Nanu : Akash Chhabria [Grand Son]
Beyond cultivating my interest in literature, Nanu had helped me in many ways that even he may not have realized. He was an active and involved parent to my mother. Not only did he impart his love of literature and share the importance of knowledge to her, but he also taught her the skills necessary to face the harsh realities of life. From the stories my mother has told me, my Nanu would work through the house expenses with her and encourage her to take the lead on balancing the house budget. This is not only a skill she has imparted onto me but also a skill she has put into practice to empower her family and specifically her children to achieve the goals they desired in life.
It is clear to me that my Nanu is loved by his community and the people that may have crossed paths with him. He has heavily contributed to the Sindhi community and to Pakistani literature, he is a wonderful storyteller and most importantly he is a loved father, husband, and grandparent. When I think about him, I think about how he has inspired me to learn and grow, but I also think about how I could have learnt so much more from him.
When I was younger and visited him more often, I felt that I understood the sentiment but not the nuances or the details of what he would explain. It felt like I was able to absorb only a fraction of what he was trying to say. Now that I feel I’m of the age where I could have an intellectual conversation with him, I can’t anymore. All the conversations we could have had about literature and art, the time I could have spent learning from his wisdom and knowledge, and most importantly the bond we could have deepened. It all feels like a potential that was never realized.

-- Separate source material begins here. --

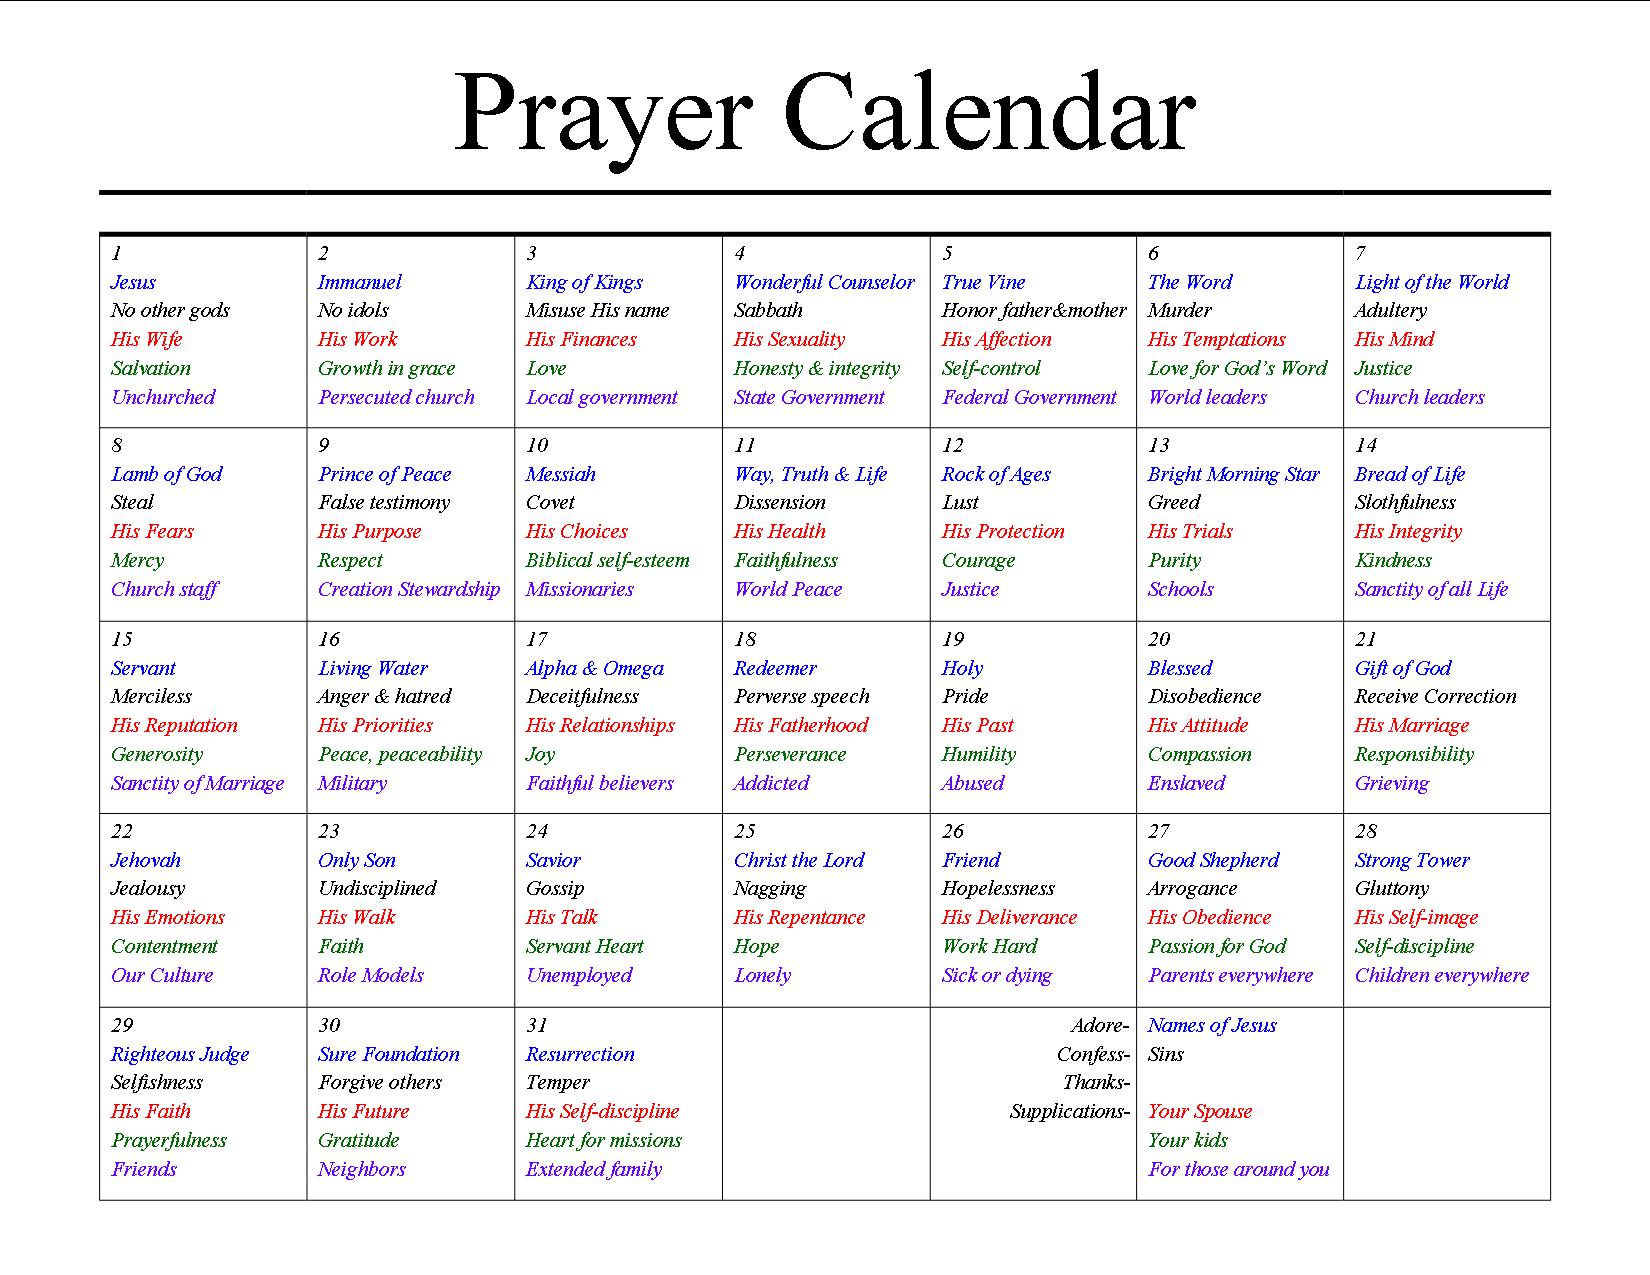 a-prayer-calendar-stacy-nickels

When I heard of his passing, my first thought was of him and how we never got to say our goodbyes. My second thought was of my family. His impact on us was truly profound and the pain my family and I are experiencing is equally so. I feel the most for my mother, she has lost one of the most important people in the world to her and it saddens me that there is nothing I could do to take that pain from her. In my mourning, I also feel a sense of resolve to ensure my relationship and love for my parents remains just as strong as my mother’s was with my Nanu. Nanu, I love you and I want to thank you for being who you were, to me and to your family. You will forever be with me in my thoughts and in my heart.